Intentos baldíos. El imperio comunicativo del plutócrata Al Gore et allius cercanos, distantes y remotos, superaba con creces a la pura y dura realidad. ¿Será que ciertas partes de España, que son España, presentan caracteres de contumaz diferencia, insumisas?
Basta que replicáramos a su fe incondicional —la asimilada fe del converso— con manifiestos tales como que el susodicho “icono potentado de la concienciación climática” camufla con proclamas apocalípticas sus contaminantes negocios y sus fecundos desplazamientos, cobrando fortunas —que pagamos velis nolis los contribuyentes— por personarse en un auditorio previamente entregado a su producción audiovisual y prédica aneja, despreciando la tecnología inocua que permite comunicarse a miles de kilómetros sin esparcir agentes patógenos por los cielos de medio mundo.
—¿Qué respondes a eso?
Seguidor fruncía el ceño, calaba las manos en los bolsillos, resoplaba y mascullaba imprecando contra la climatología rebelde y los indóciles, reacios a los extendidos postulados.
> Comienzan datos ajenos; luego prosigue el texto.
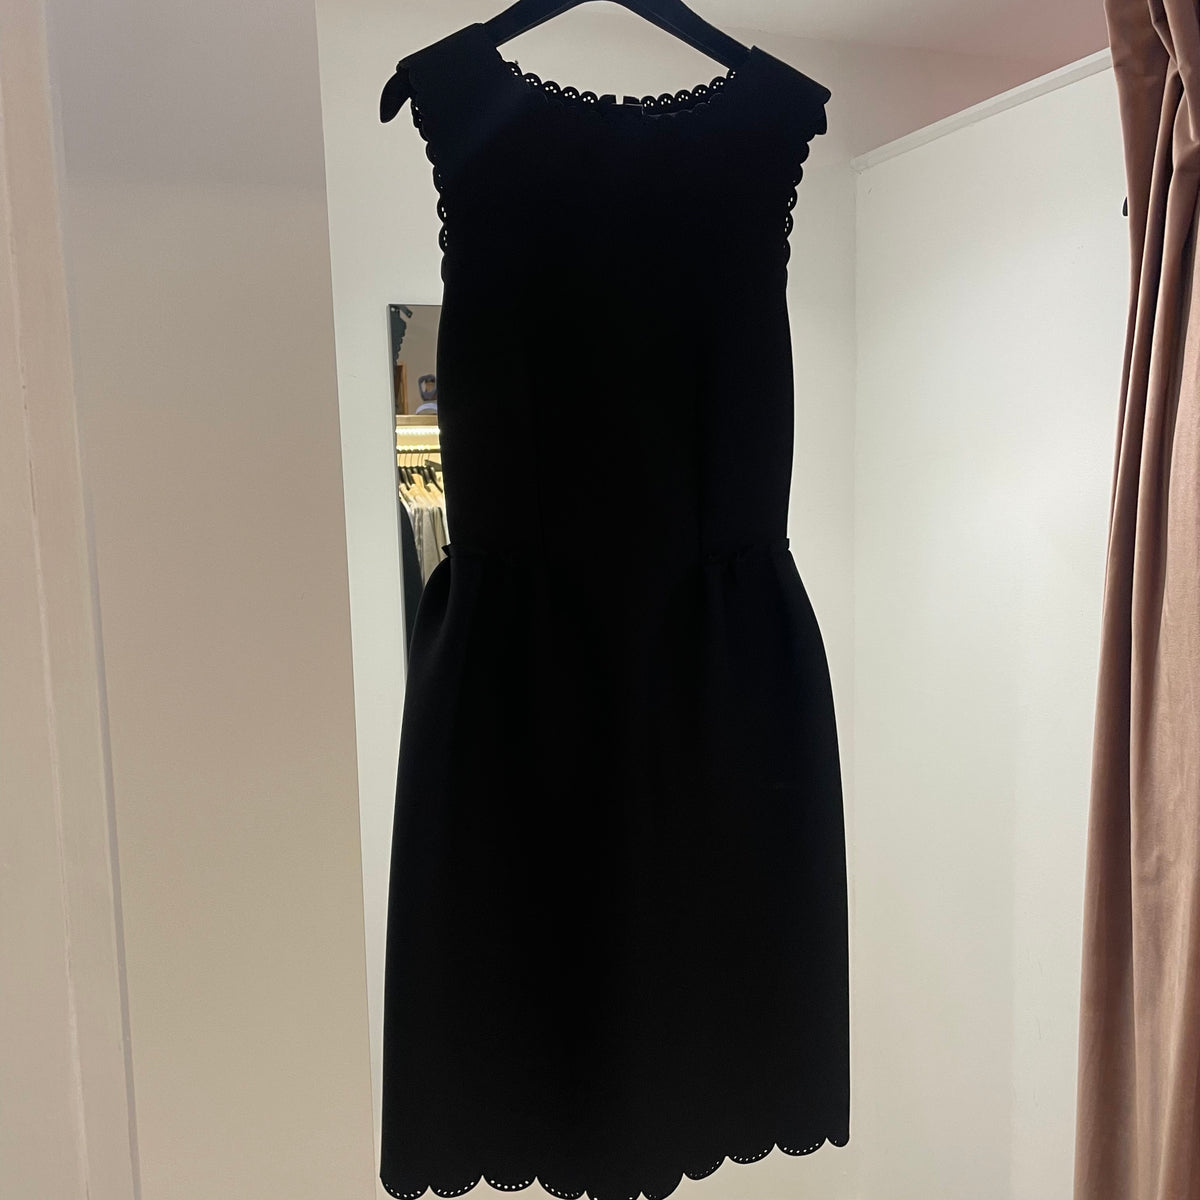 Lanvin scallop dress Black 40

Aún así, los presuntamente ofendidos, conscientes de la perturbación, invocábamos al resto de cordura que suele permanecer activo hasta el último aliento.
—¡Si los perros, los gatos, los gorriones y los patos tiemblan al verte tan fresco, tan desamparado de vestido!
Y aconteció lo previsible. Seguidor sonreía a todo el que pasaba, en mangas de camisa, con la mirada fija en un porvenir cálido, desecado. Era la suya una sonrisa apacible, sosegada, casi perdida, casi feliz. Pudiera ser que al final, sin que lográramos convencerle de la inconveniencia de la difusión mediática, del invocado cambio climático desde poderosos oráculos con intereses múltiples y beneficios contantes y sonantes, el pobre hombre hubiera comprendido que no hay tozudez ni convencimiento ni exposición retadora que prevalezcan frente a la sentencia de los inviernos tradicionales en estas tierras de España, que son España, pero que no recoge la versión oficial sea cual sea el vocero que la pregone.
Es un suponer. Como fuere, Seguidor partió con una sonrisa casi beatífica, casi reconciliadora, en busca de un clima apto para acelerados creyentes de la nueva era. Entre los asistentes a la despedida, impasible, el frío del invierno.